Dáil debates

Tuesday, 27 January 2015

Ceisteanna - Questions (Resumed)

Cabinet Confidentiality

4:30 pm

Photo of Gerry AdamsGerry Adams (Louth, Sinn Fein) | Oireachtas source

The Taoiseach stated quite bluntly, "I have no plans" to legislate on Cabinet confidentiality. The appropriate piece from the programme for the Government states:

We will radically overhaul the way Irish politics and Government work. The failures of the political system over the past decade were a key contributor to the financial crisis and the system must now learn those lessons urgently. Government is too centralised and unaccountable. We believe that there must also be a real shift in power from the State to the citizen. We will legislate on the issue of Cabinet confidentiality.
In reply to Teachta Martin, the Taoiseach indicated that the real intention was not to remove the Cabinet confidentiality aspect of the Constitution when it is clear from the preceding paragraphs that was the intention. The Government indicated it would overhaul the way politics and the Government would work because of the failures of the past and so forth.

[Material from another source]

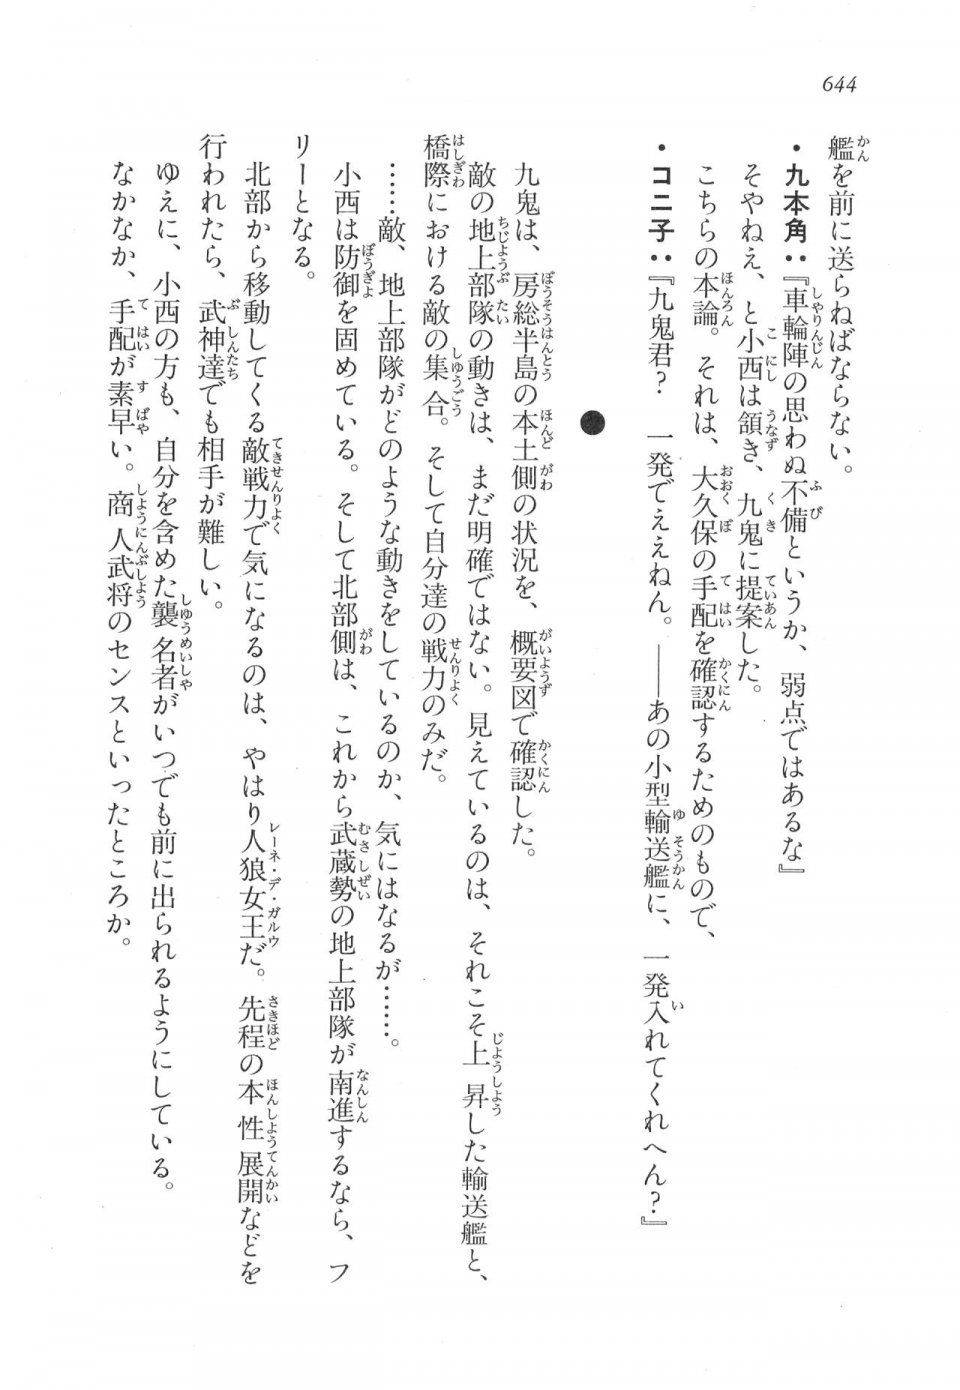 Kyoukai Senjou no Horizon LN Vol 17(7B) - Photo #646

The banking inquiry is under way and there are good bits in it. For example, documents which Ministers relied on come under the compellability umbrella and are not subject to Cabinet confidentiality. We have seen individuals questioned on decisions, which is to be welcomed. Some of the information, particularly around the 2008 meeting during which the crucial decision on the banking guarantee was made, is off limits because of Cabinet confidentiality. The citizens of this State who are saddled with a debt they did not incur are potentially being denied important information. That is one of the reasons the Government had this in the programme for Government.

If this was at the behest of the Labour Party, one might argue it was very naïve. Who knows? It rolled over on all the other commitments it made. The Taoiseach indicated this arose from good intentions, and the road to hell, as the Taoiseach knows, is paved with good intentions. I can see this only as a "Pat Rabbitte promise".

It is not a serious commitment in the programme for Government. Will the Taoiseach explain to the Dáil what exactly is the purpose of commitments in the programme for Government, including an unambiguous commitment to legislate on the issue of Cabinet confidentiality, when he can come to the House some time later and simply say he has no plans to legislate on this matter?